Now Michael Kitchen as M, yes please; but I think he may more or less have retired.
Both Gleeson and Hinds I picture them more as a villain. It would be nice to have a more brutish looking main villain for a change (like Goldfinger or Savalas' Blofeld) most of them after Trevelyan have been rather slender.
Moneypenny/Villiers: Tobias Menzies
Q: Ben Whishaw
Bill Tanner: Rory Kinnear
Bond: ????
Felix Leiter: Jonathan Majors
Sylvia Trench: Lupita Nyong'o
Note: Each sign 3-picture contracts, with each offered up front a 3-picture extension if the franchise is successful.
Plot: A three-film arc takes two films establishing a mole plot within MI6, among the chief staff.
First Movie: Bond assigned by M. and sent to the Caribbean to intercept a "rogue Chinese business person" with some sort of establishment utilizing short-range drones to steal NASA trade secrets and sell to any company or gov. paying the highest bid.

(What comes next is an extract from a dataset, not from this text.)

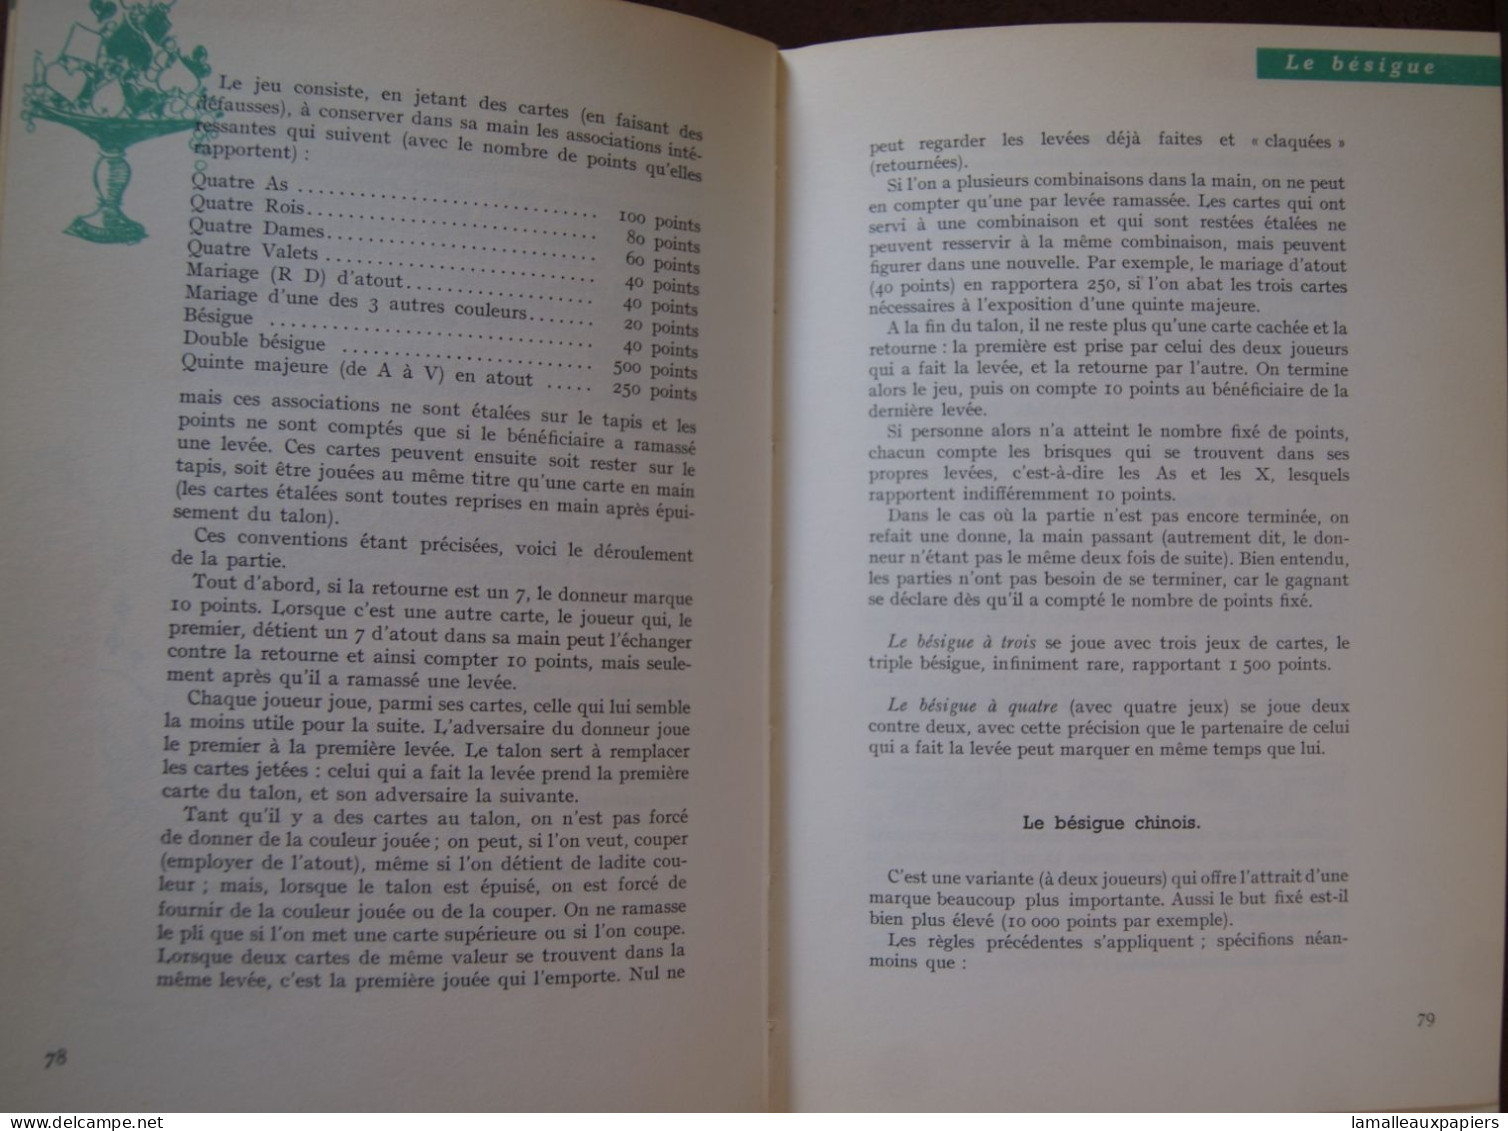 Le Code Des Jeux (Claude AVELINE) (1961) - Jeux De Société

Soft reboot of Dr. No.
End Of First Movie: Bond's mission is almost fatal when he's given up and revealed to be a spy and nearly killed before ruining the villain plot and escaping, suggesting an insider at MI6.

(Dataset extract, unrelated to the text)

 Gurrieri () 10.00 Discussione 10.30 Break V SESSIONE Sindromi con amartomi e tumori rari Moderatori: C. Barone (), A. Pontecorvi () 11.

Second Movie: Another "traditional" framing, with a twist at the end yet again revealing someone is working against MI6 agents in the field, compromising missions. I would love another Octopussy, but with deeper spy craft in the script.
Second-Movie Cliffhanger: Audience learns Tanner is the insider at MI6, but Bond doesn't learn yet. Bond continues into the third movie unaware of the immediacy of the threat.

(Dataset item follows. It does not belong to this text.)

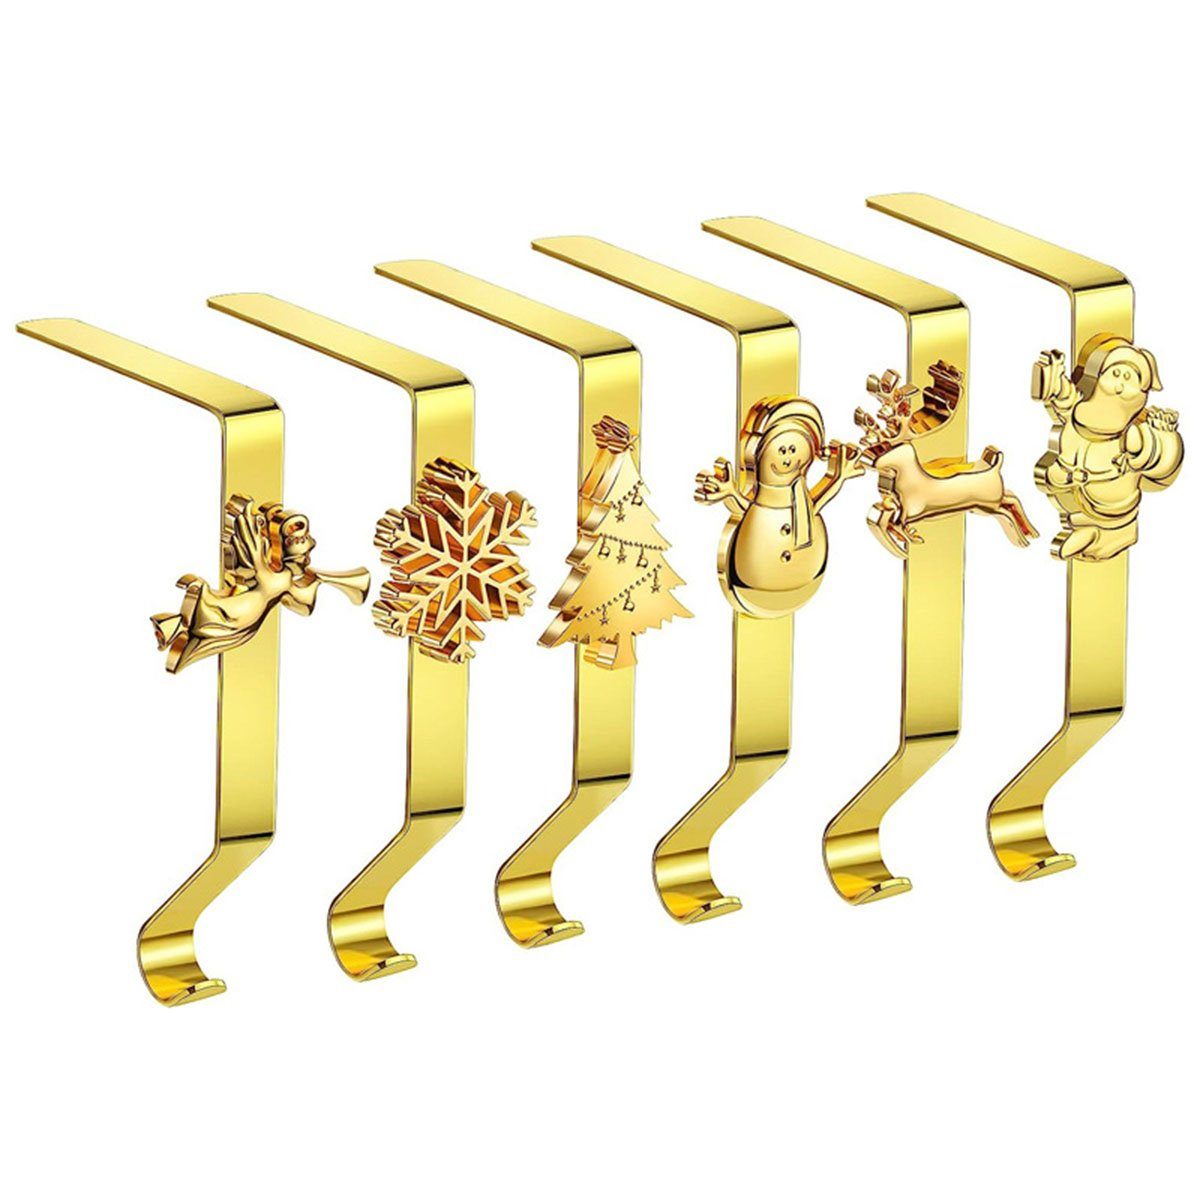 6Pcs Weihnachtsszene Kamin CTGtree Weihnachtsstrumpf Metall Gold - Halter Haken Haken

Third Movie: Tanner is revealed and Q takes Tanner's side until almost the end, etc., convinced he isn't the mole. M. and Villiers have standoff and convince Q. and Bond defeats Tanner to save the day. Would be really cool to see an unexpected climax, the team in the office late in the day, when all is revealed and fight breaks out in the Q. lab or something insane.
Third movie really builds relationships and office politics between M., Villiers and Q., and all three agree to the three-picture extension, for a total six-movie run.
May I suggest a twist ? If, following the first two films, the producers can see they're good with crew, audience reception, etc, for more than three, then have Tanner win the contest at the end of Film #3 in this set. Apparently win, that is...a la Sherlock going over the falls...and that contest would end in such a way that everyone else - besides Bond and Tanner - would think that Bond had been the traitor. So that, in film 4, when s-o-m-e-o-n-e accomplishes a mission and starts leaving crumbs for all but Tanner, the return of the supposedly defeated and deceased Bond is tantalizingly mysterious, until the very end, setting up #5. Gotta admit, though, this set up would not lend itself to a #6. Also, there's room for another twist, when someone - not Bond - kills Tanner. So then - was Tanner the traitor ? Or not ? Under this scenario, not. WHO then, turns out to be the bad person ? I think NOT one of the "crew" because that would be pulling the same move twice. Someone from outside. Blofeld. Irma Bunt. Alec Trevelyan. Whomever.
It lets them lean into the sexual tension they shrugged off in GoldenEye with the "sexist" line from Dench. Not saying Dench's M. should have ever flirted with Bond, but she did a bit in TND and SF and it could be a fresh character dynamic with Bond.